Exercise aim
Print, exactly as they appear in the listing below, the lines from the line with "Cruz de flores - Funeraria La Paz Verín" to the line with "2pcs 100mm x", with both end lines kept.

Supplied material
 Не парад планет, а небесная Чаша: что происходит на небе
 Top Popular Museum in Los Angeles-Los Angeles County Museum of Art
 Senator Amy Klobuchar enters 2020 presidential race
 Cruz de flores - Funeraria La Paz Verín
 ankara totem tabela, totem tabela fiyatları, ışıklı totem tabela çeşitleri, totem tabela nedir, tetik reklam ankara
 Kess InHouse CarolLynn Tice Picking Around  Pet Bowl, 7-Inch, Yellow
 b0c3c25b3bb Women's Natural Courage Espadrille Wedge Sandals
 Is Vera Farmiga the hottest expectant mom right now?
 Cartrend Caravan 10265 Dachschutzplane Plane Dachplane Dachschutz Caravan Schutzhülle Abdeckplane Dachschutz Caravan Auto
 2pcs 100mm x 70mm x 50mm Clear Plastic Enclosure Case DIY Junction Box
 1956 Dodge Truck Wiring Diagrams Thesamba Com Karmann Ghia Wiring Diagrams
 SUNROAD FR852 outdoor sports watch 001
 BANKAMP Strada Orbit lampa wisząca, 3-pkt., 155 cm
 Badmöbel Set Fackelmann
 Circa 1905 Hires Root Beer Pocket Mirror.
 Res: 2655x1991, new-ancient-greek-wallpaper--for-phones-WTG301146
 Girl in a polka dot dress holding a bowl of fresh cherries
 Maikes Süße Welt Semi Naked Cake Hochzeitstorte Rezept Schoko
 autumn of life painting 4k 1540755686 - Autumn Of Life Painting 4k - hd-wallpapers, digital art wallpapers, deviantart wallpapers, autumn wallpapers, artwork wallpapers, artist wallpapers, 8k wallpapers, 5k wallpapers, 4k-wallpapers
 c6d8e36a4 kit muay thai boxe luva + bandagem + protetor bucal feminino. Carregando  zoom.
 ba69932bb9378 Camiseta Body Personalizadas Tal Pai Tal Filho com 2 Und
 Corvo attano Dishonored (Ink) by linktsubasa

Written response
 Cruz de flores - Funeraria La Paz Verín
 ankara totem tabela, totem tabela fiyatları, ışıklı totem tabela çeşitleri, totem tabela nedir, tetik reklam ankara
 Kess InHouse CarolLynn Tice Picking Around  Pet Bowl, 7-Inch, Yellow
 b0c3c25b3bb Women's Natural Courage Espadrille Wedge Sandals
 Is Vera Farmiga the hottest expectant mom right now?
 Cartrend Caravan 10265 Dachschutzplane Plane Dachplane Dachschutz Caravan Schutzhülle Abdeckplane Dachschutz Caravan Auto
 2pcs 100mm x 70mm x 50mm Clear Plastic Enclosure Case DIY Junction Box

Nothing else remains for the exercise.